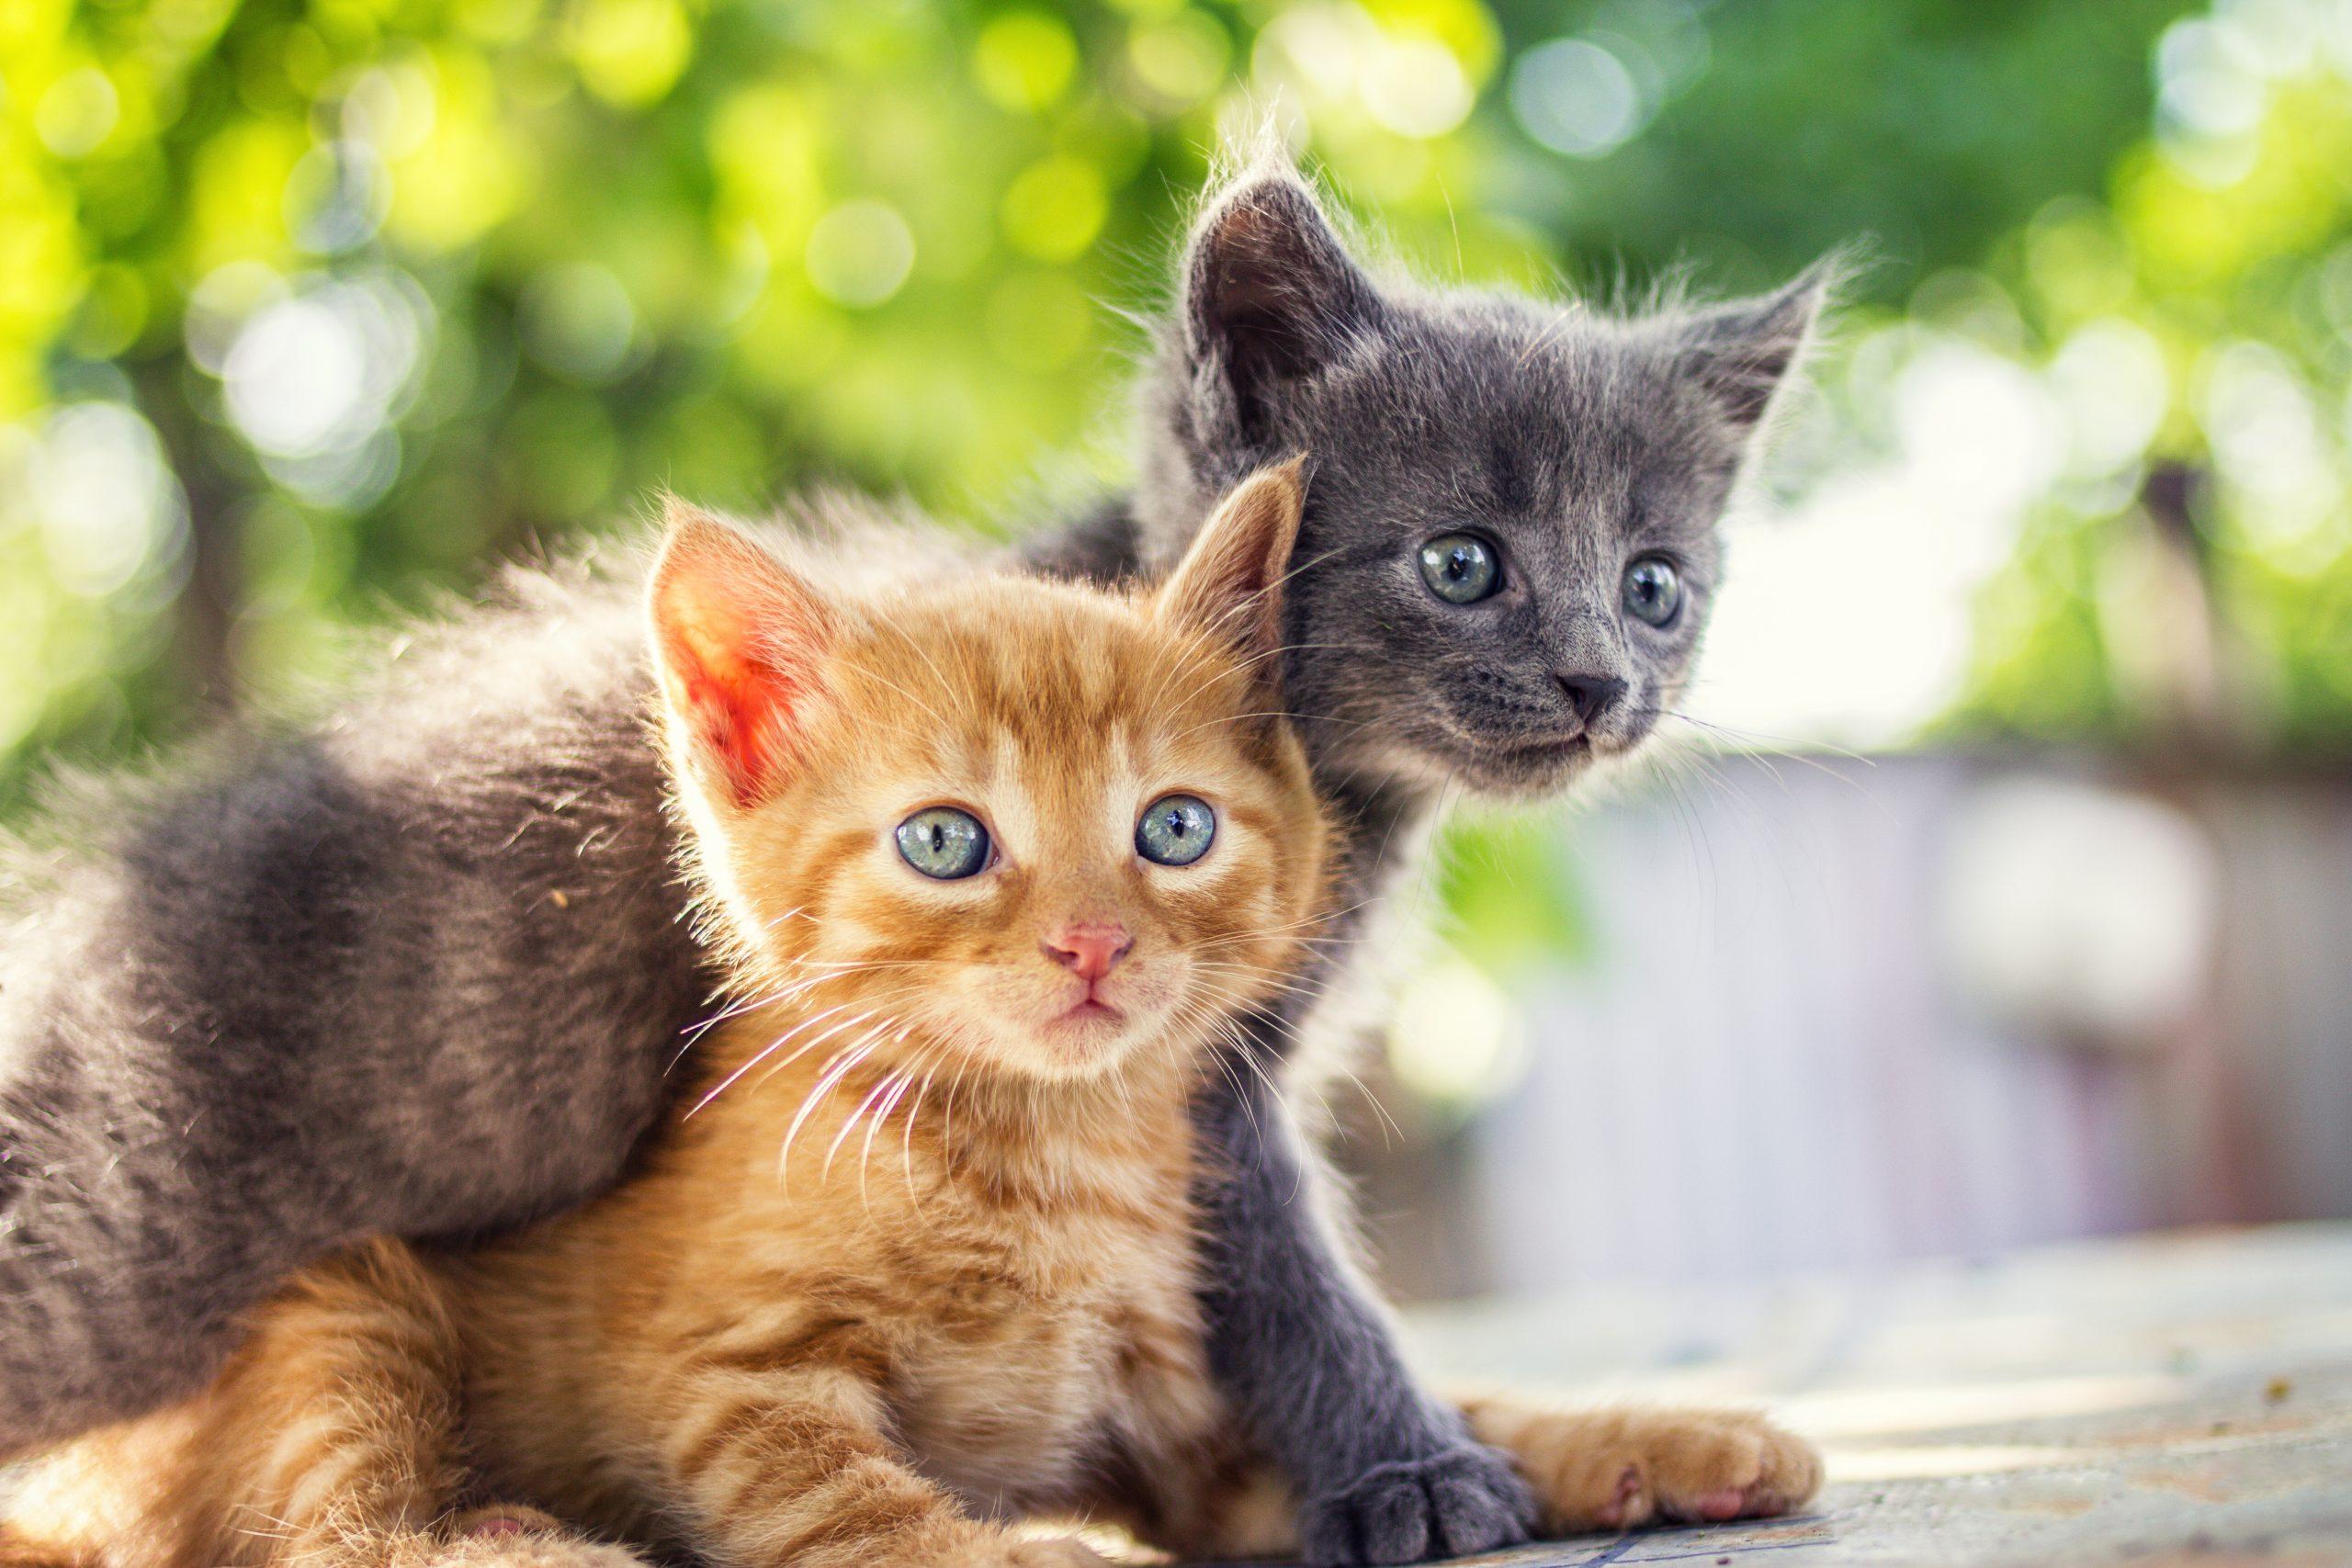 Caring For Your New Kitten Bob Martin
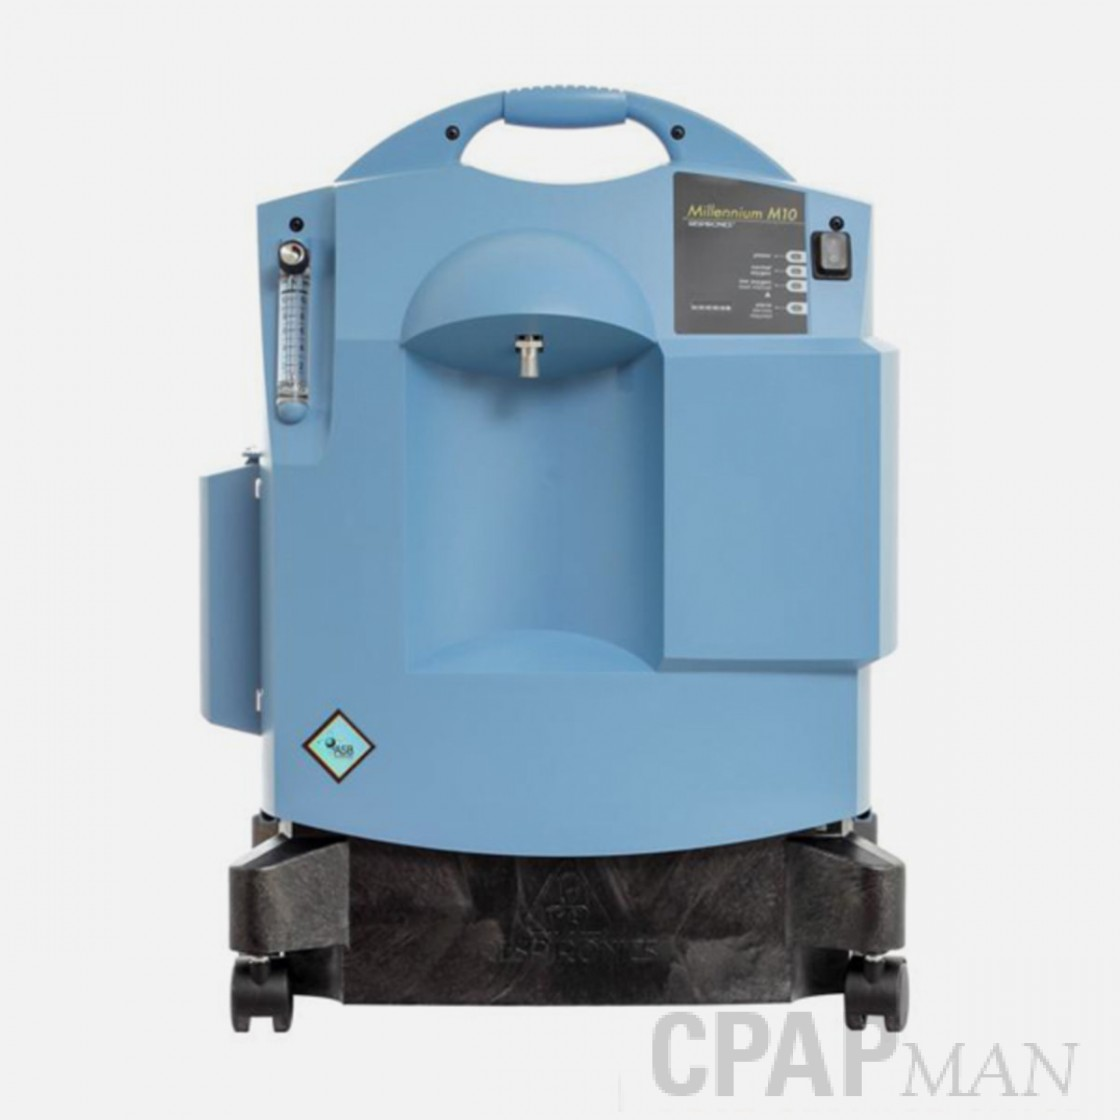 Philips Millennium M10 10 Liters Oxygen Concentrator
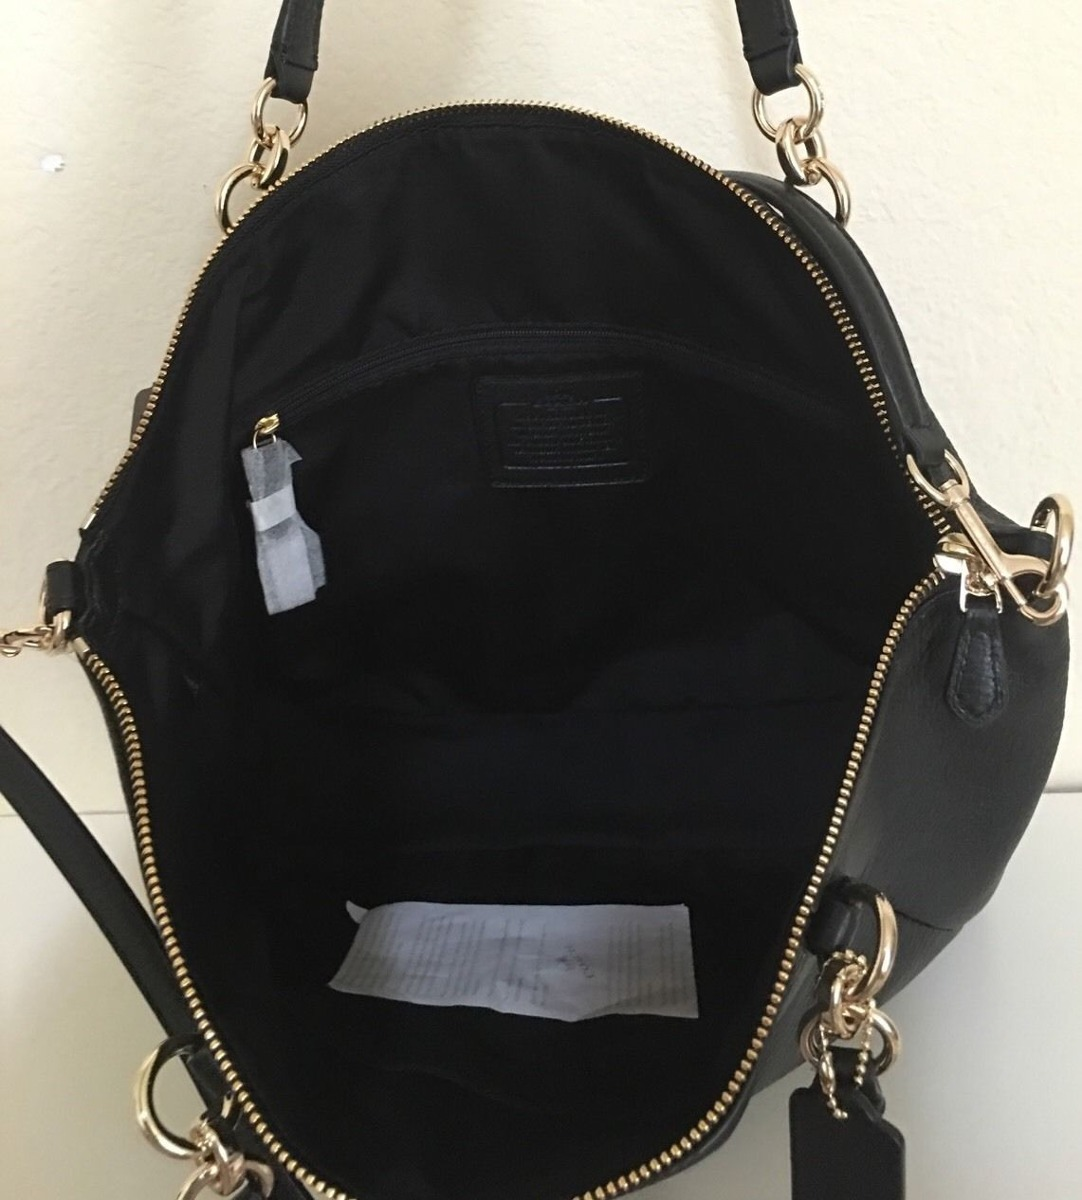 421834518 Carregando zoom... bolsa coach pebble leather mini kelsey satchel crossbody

Task goal | Pictures aside, retype the material exactly.

Your solution |
 Caring For Your New Kitten Bob Martin
 Philips Millennium M10 10 Liters Oxygen Concentrator
 421834518 Carregando zoom... bolsa coach pebble leather mini kelsey satchel crossbody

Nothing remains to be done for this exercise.